The total government expenditure on education was over $114 billion in 2019/20.
Yet we learnt, at the end of last year, in the first ever Australian Teacher Workforce Data report released by the Australian Institute for Teaching and School Leadership, that nearly half of the nation’s maths and foreign language teachers were not qualified to teach the subject.
This was a survey of nearly 18,000 teachers.
Within that survey, it was revealed a quarter of all teachers planned to quit before retirement age; 61 percent blamed mental health issues or stress for wanting to quit.
The problem is discipline.
The teacher has had all authority to discipline a child virtually taken away.
But it is worse than that.
We also had the test results, at the end of last year, of the National Assessment Program, Literacy and Numeracy, NAPLAN, which showed that one in 10 girls and one in five boys had failed to reach the minimum standard for writing, after nine years of education.
21.3 percent of boys and 10.7 percent of girls fell below the national standard, which means they couldn’t punctuate sentences, spell simple words or write a story in paragraphs.
One in five teenage boys, in high school, is semi-literate.
Glenn Fahey from the Centre for Independent Studies made the staggering comment, “Once you are in high school there is very little direct instruction in literacy.”
Education was not mentioned in the budget.
The money just pours out, and every Education Minister defends the “system”, but 20 percent of teenage boys are illiterate.
We had, at the end of last week, government virtually admitting the reason for the nationwide educational crisis because they announced sweeping changes to the National Curriculum which go back to the way you and I were taught.
It is the first curriculum review since 2014 and, we are told, that students will now be expected to add, subtract and multiply, without using a calculator; and will start learning their times tables in Year 2!
In other words, none of that is happening now. No wonder students are innumerate.
Then we were told that phonics will now be embedded into the teaching of English.
That is all well and good but how many people in the teaching profession know what phonics is?
They are the product of a system which abolished the teaching of phonics.
Now, at the eleventh hour, Australian history content will be mandatory.
Because it hasn’t been, children today can’t tell you why Melbourne is called Melbourne, why Sydney is called Sydney, who designed Adelaide and even who crossed the Blue Mountains.
High school students will be made to learn post-settlment history from 1750 to the First World War, which means, of course, they are not learning it now.

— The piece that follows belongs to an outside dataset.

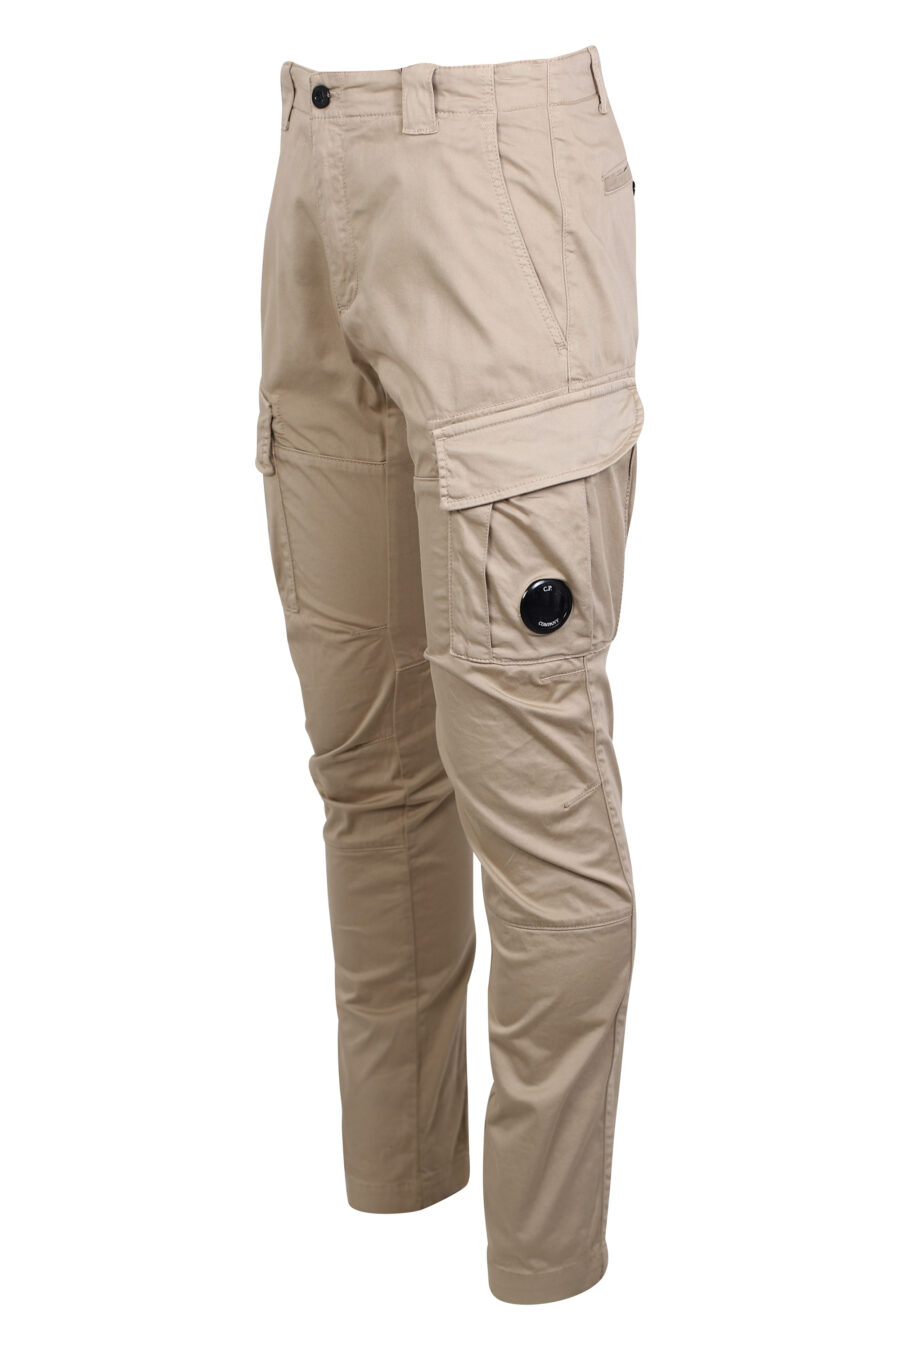 New Look Drawstring Formal Cargo Trousers  Brown  verycouk

They will also learn the impact of post-Second World War migration to Australia and the significant contribution that migrants have made to our success.
A statement from the Government said, “This will strengthen how our young people appreciate our prosperous democratic country”.
Not before time; but can we really undo the educational damage of the most recent nonsense that passed for education which has sponsored a disturbing ignorance of Australian history and geography amongst young Australians?
Thankfully, the culture wars will end.
Students will be taught Indigenous history and European settlement.
They will be taught the impact of British settlement on Aboriginal and Torres Strait Island People; but also British settlers’ “contribution to the building of modern Australia”.
Teachers will have to pay more attention to teaching about the origins and heritage of Australia’s democracy along with the diversity of Australian communities.
The physical education classes will focus on students being physically active, an admission that this is not happening now.
At long last, governments have woken up that taxpayers’ money is being wasted.
Two further points emerge.
The final curriculum won’t be made public for weeks which makes one wonder what, if anything, is being taught now?
The second point is that it has to be asked whether the current batch of teachers, and it is not their fault, have themselves been taught this content so, how can they now teach it?
This is a bit like the 22 cents a litre drop in the price of petrol.
How will you ever know the benefit is being passed on to you?
How will we ever know, in spite of all these promises of curriculum change, whether children will be actually taught things in the classroom?
Many parents and children now know that too many of them are being asked to teach themselves and this is no way in which a successful educational system should be run.